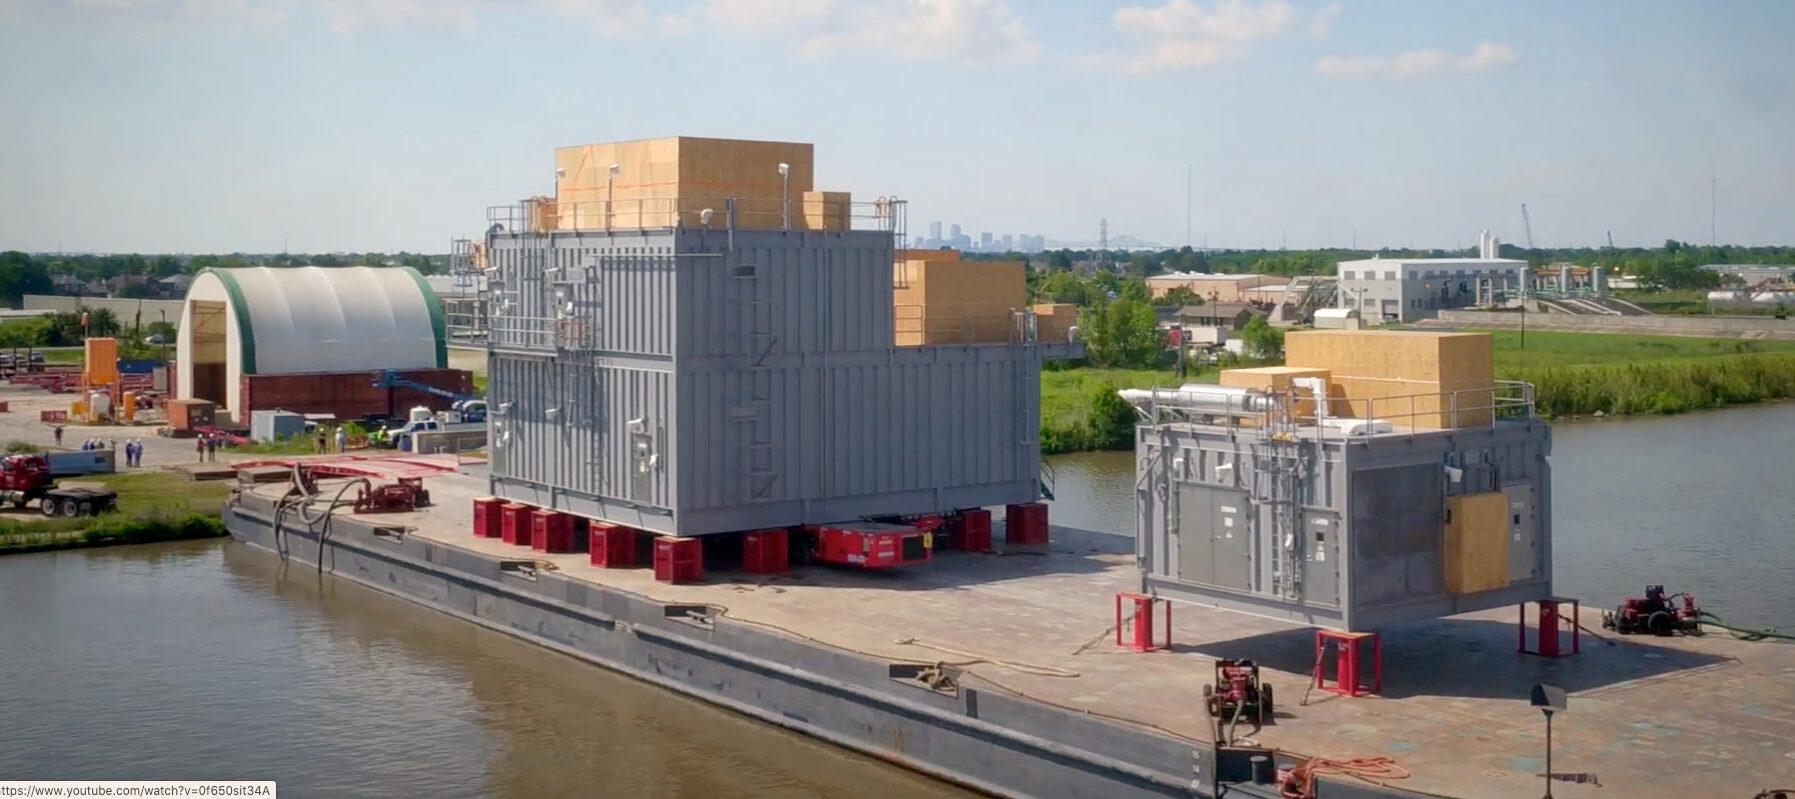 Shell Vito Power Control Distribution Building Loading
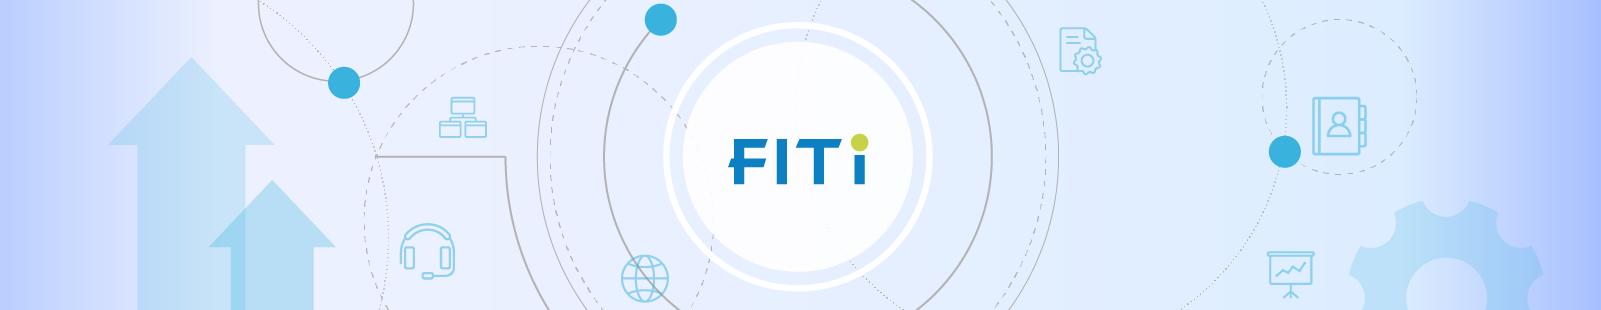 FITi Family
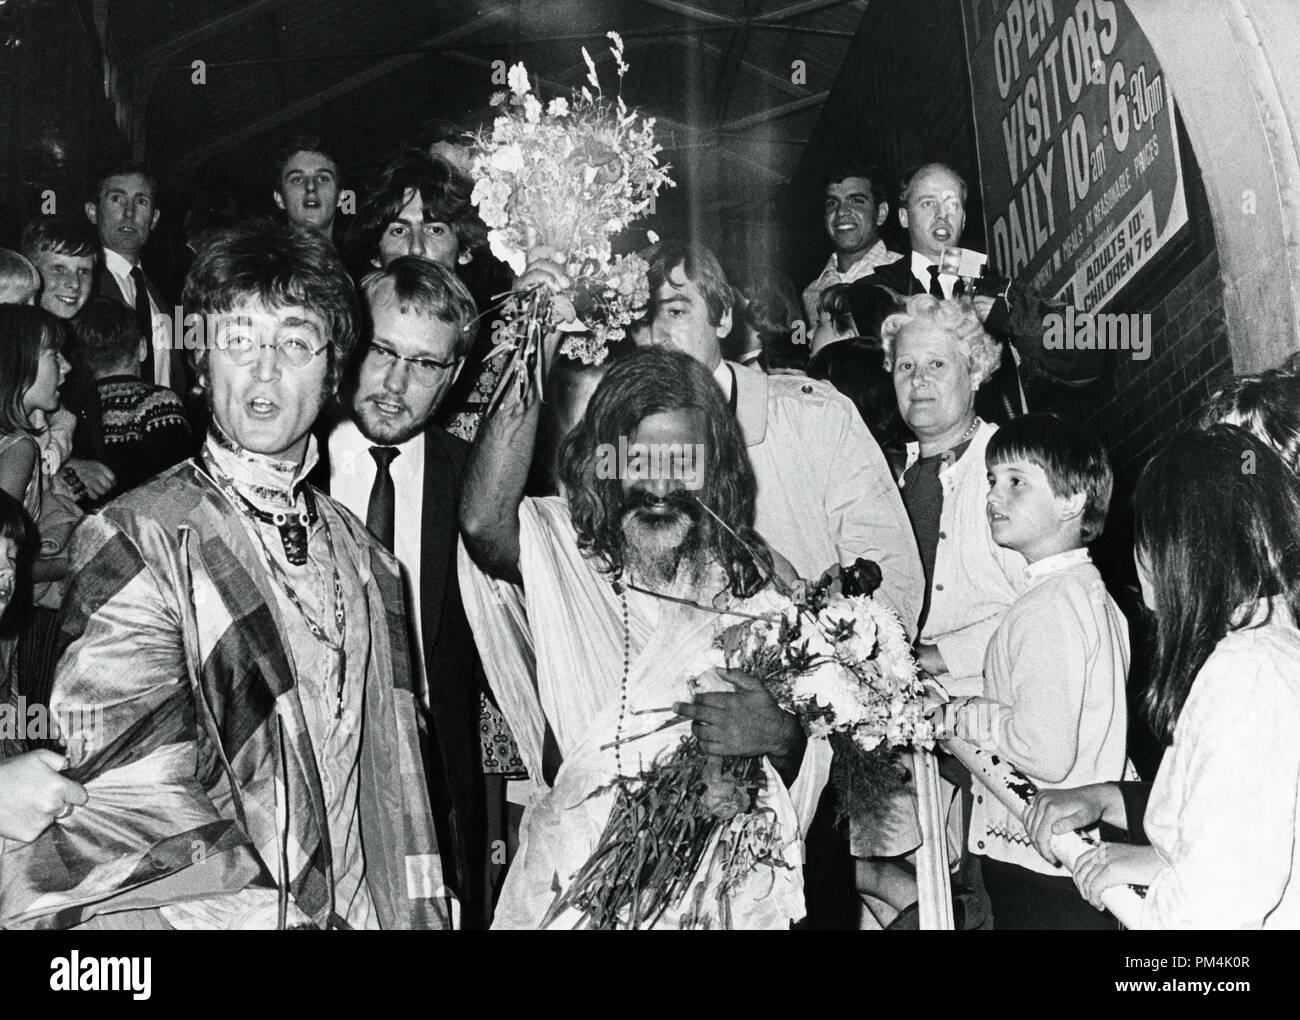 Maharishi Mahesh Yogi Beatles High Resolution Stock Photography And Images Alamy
+++
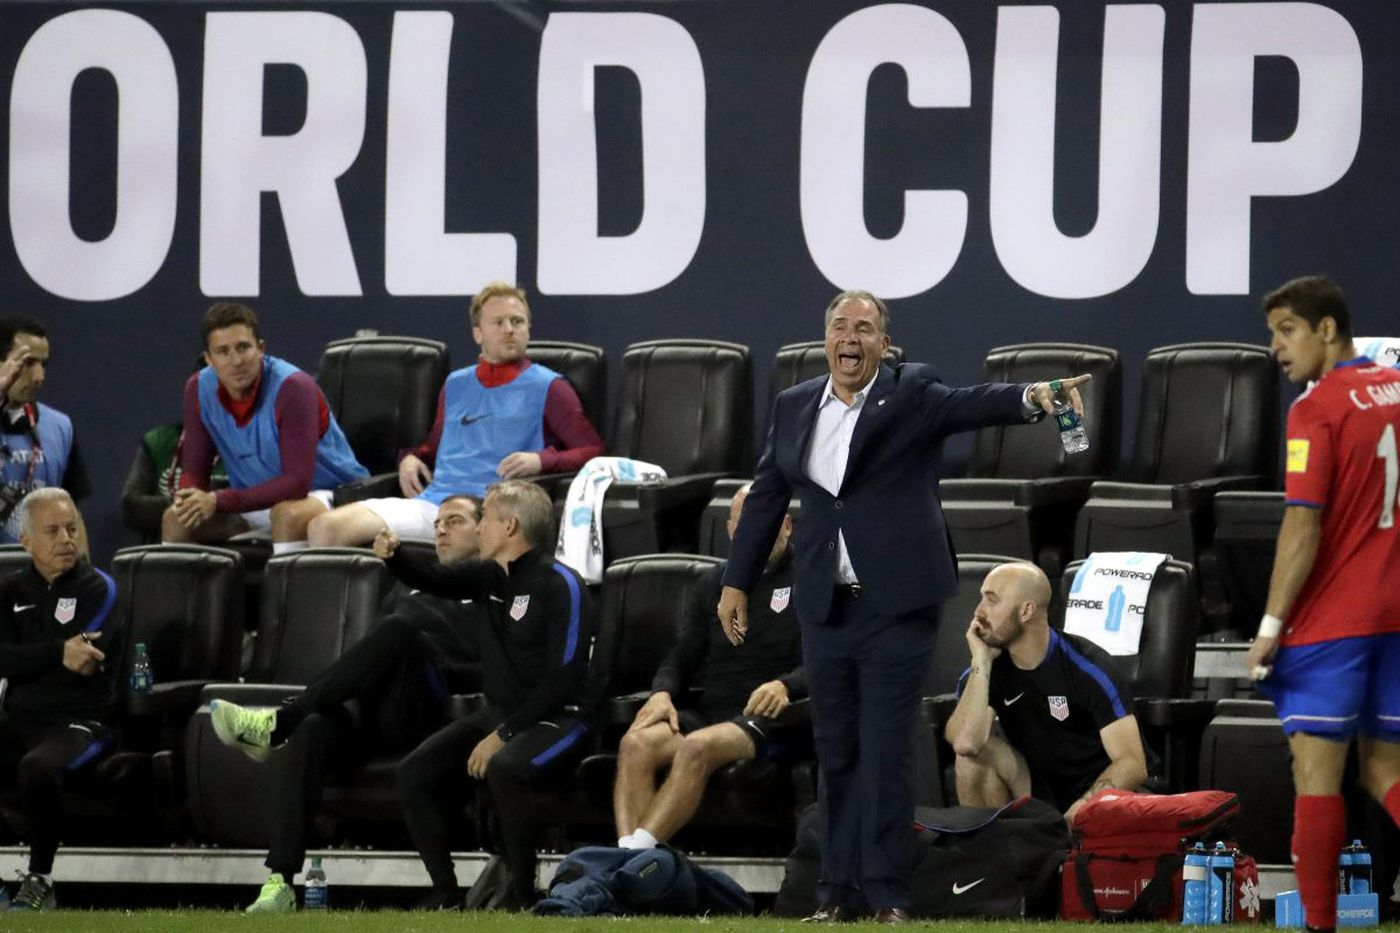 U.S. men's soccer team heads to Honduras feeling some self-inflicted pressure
+++
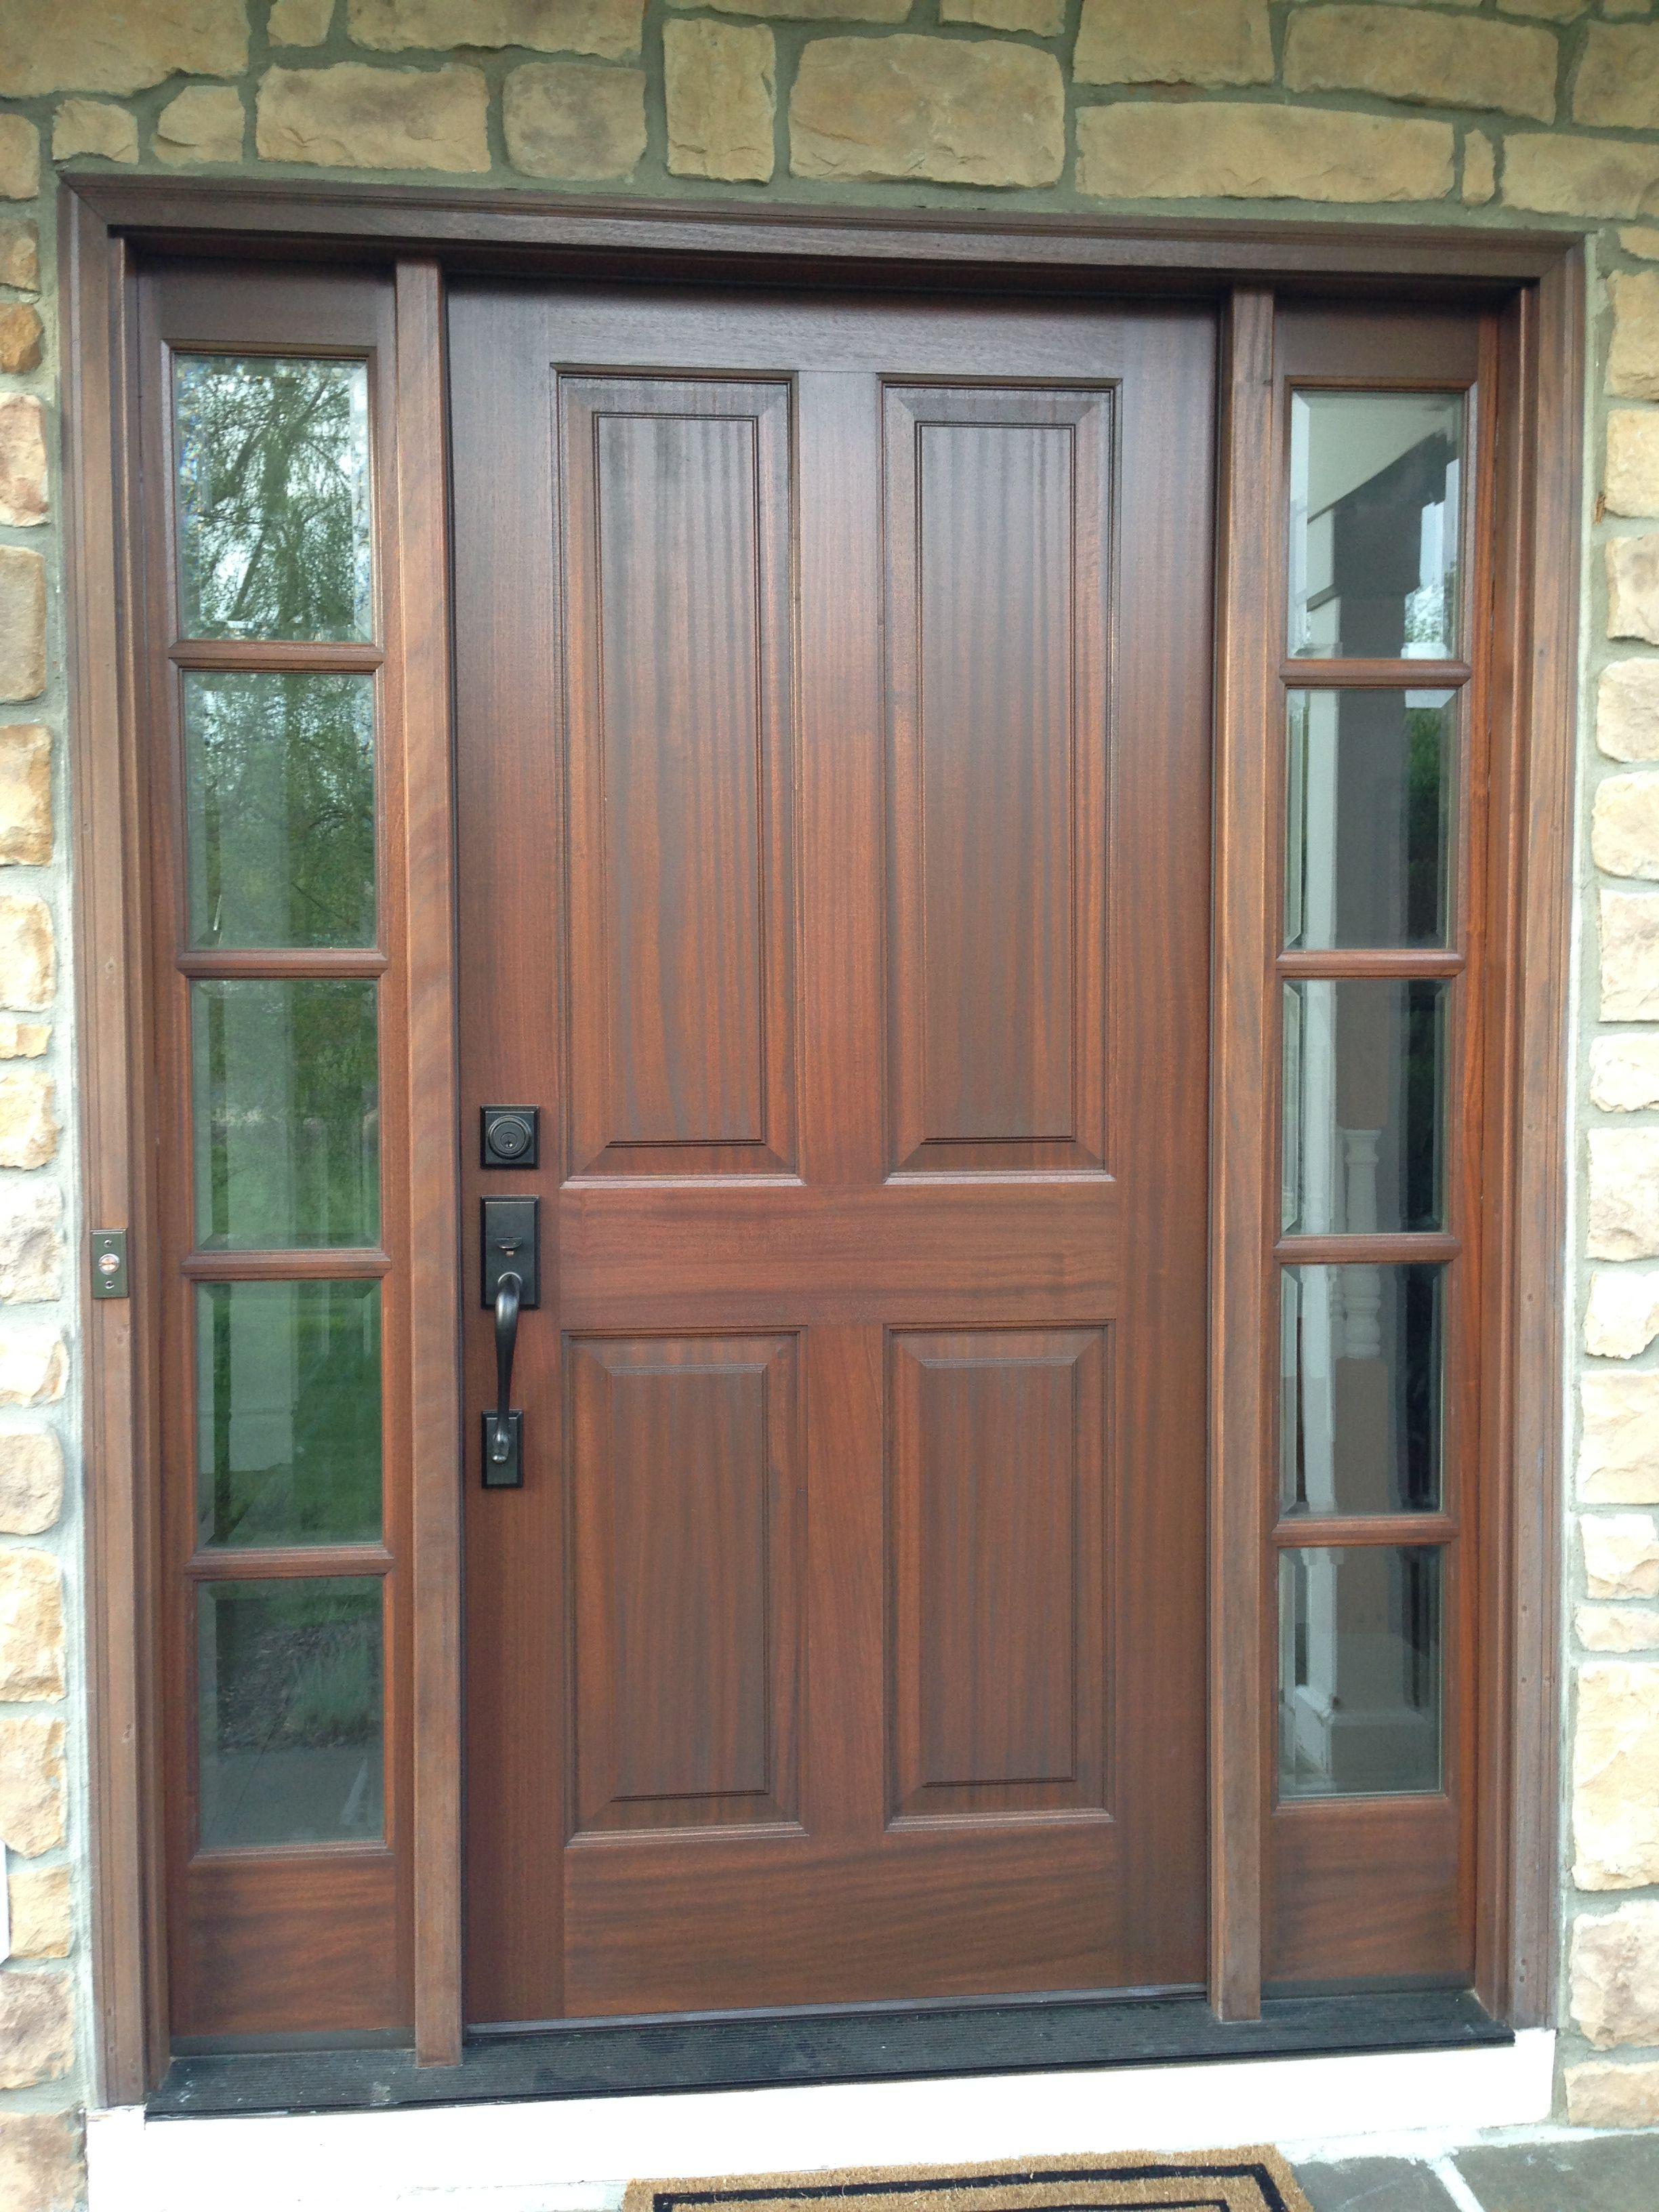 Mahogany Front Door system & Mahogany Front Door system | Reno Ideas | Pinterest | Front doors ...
+++
Requirement | Within the listing above, extract exactly the lines that run from the one containing "Shell Vito Power" through the one containing "Maharishi Mahesh Yogi", excluding any pictures.

Response area |
 Shell Vito Power Control Distribution Building Loading
 FITi Family
 Maharishi Mahesh Yogi Beatles High Resolution Stock Photography And Images Alamy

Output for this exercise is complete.